Mumbai: The chairman of Britain’s financial regulator said that so-called carry trades have “no economic value” and could be curbed by taxes.
Consideration should be given to countries taxing “speculative capital flows,” said Financial Services Authority (FSA) chairman Adair Turner in a speech in Mumbai on Monday. Controlling carry trades, where banks and hedge funds borrow cheaply in dollars to bet on high-yielding investments in emerging markets, may not be possible without damaging liquidity, Turner said.
“There is, for instance, no economic value that I can discern from the operation of speculation in currency ‘carry trades,’” said Turner, according to a copy of the speech he made to the Reserve Bank of India (RBI). “We should certainly be open to the application by emerging countries of tax constraints on inward speculative capital flows, such as Chile imposed in the 1990s and Brazil has recently introduced.”
Asset quality worries: FSA chairman Adair Turner. PTI
RBI governor D. Subbarao also said that there has been a slight deterioration in the quality of financial assets held by the nation’s banks in recent months. The central bank released his speech via email in Mumbai.
Turner, 54, has questioned the size of financial activity, saying that some of it is socially or economically useless. He first floated the idea of a financial transaction tax, sometimes known as a Tobin Tax, in August. The International Monetary Fund is considering various surcharges on banks following the worst financial crisis in a generation.

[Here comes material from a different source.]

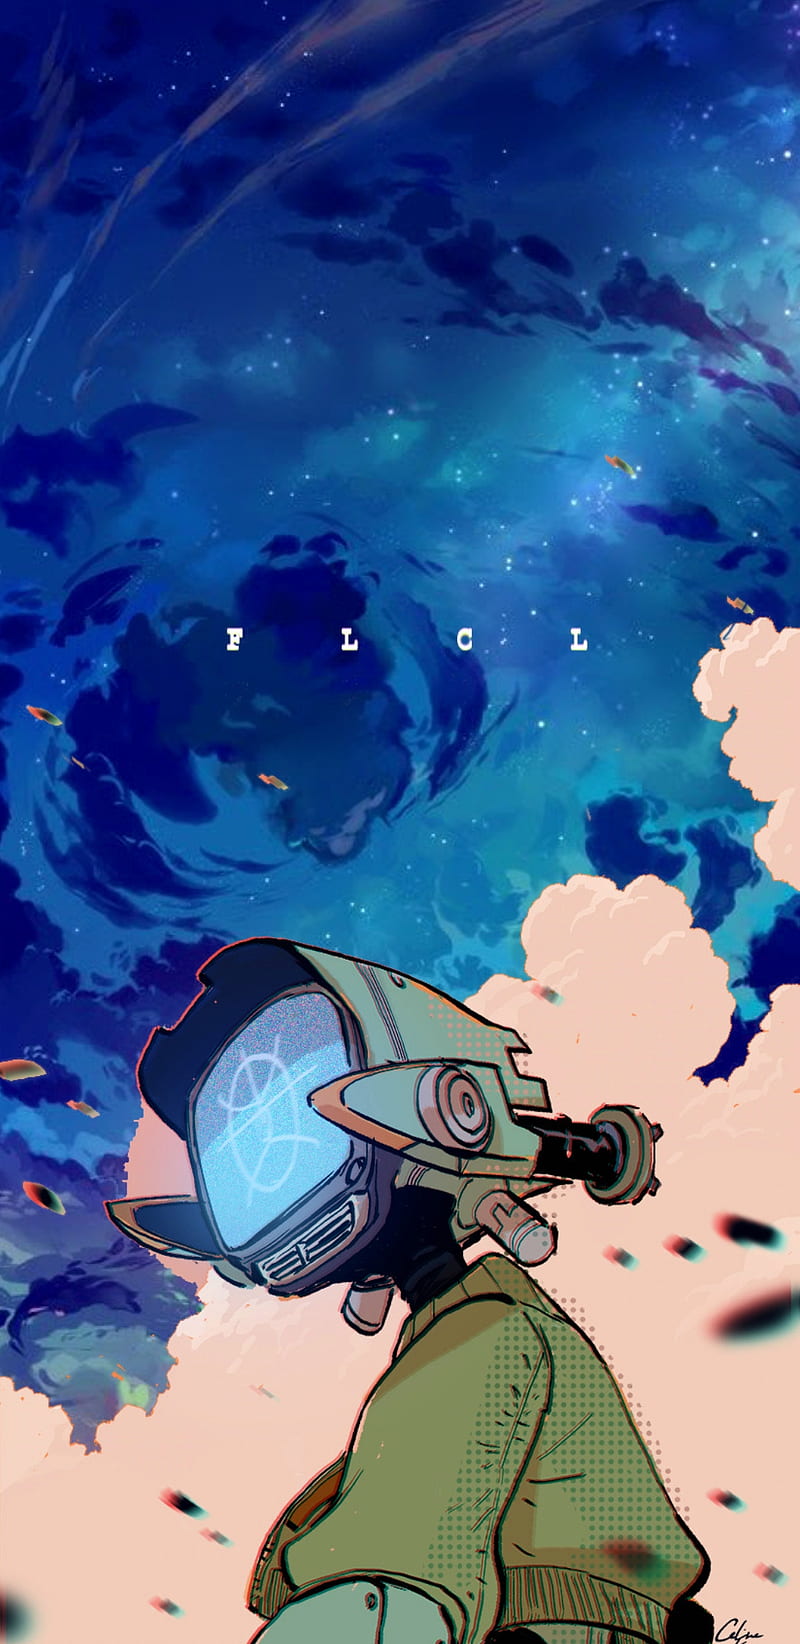 13 Flcl Wallpapers for iPhone and Android by Ashlee Goodwin

Turner’s views have gained traction due to his position as head of a subcommittee at the Financial Stability Board, a collection of policymakers from the Group of Twenty nations.

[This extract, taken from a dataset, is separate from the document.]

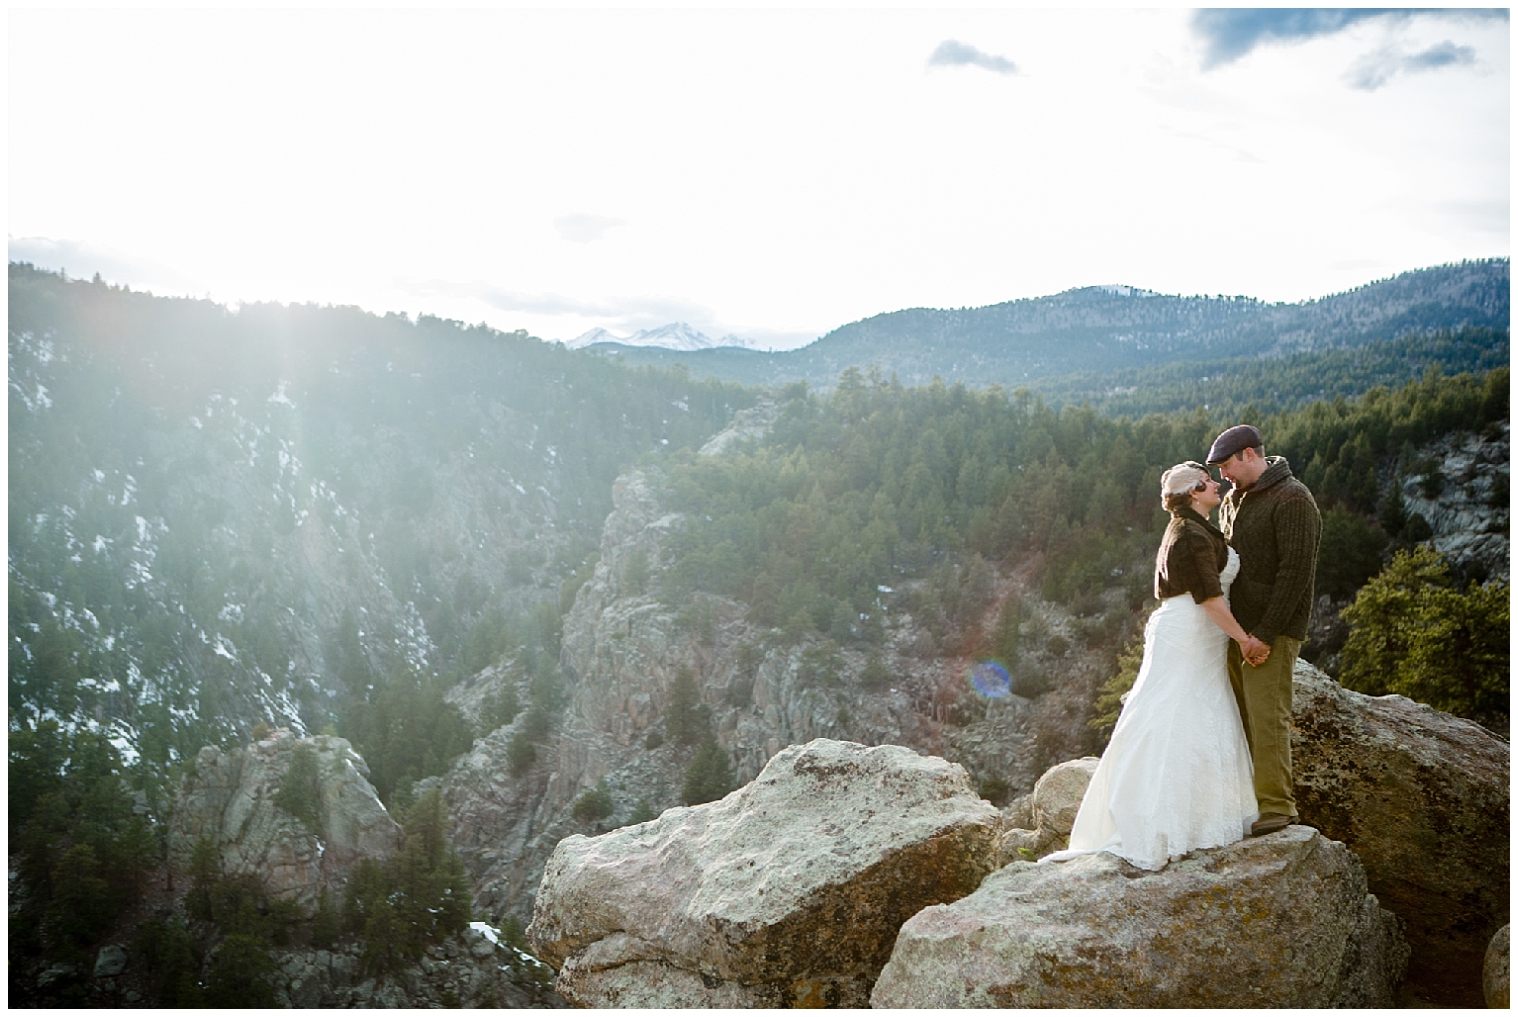 The wedding couple stand together in the mountains at their Boulder Colorado elopement.

He repeated calls on Monday he made last month for new tools to control asset-price bubbles and problems emerging in the financial system as a whole, arguing that interest rates alone are too blunt.
The tools could include “regulations which seek directly to influence borrower as well as lender behaviour, such as limitations on allowable loan-to-value ratios: new tools that entail moving away from the belief that a stable equilibrium will be delivered if only markets are efficient and classic monetary policy tools appropriately aligned,” he said.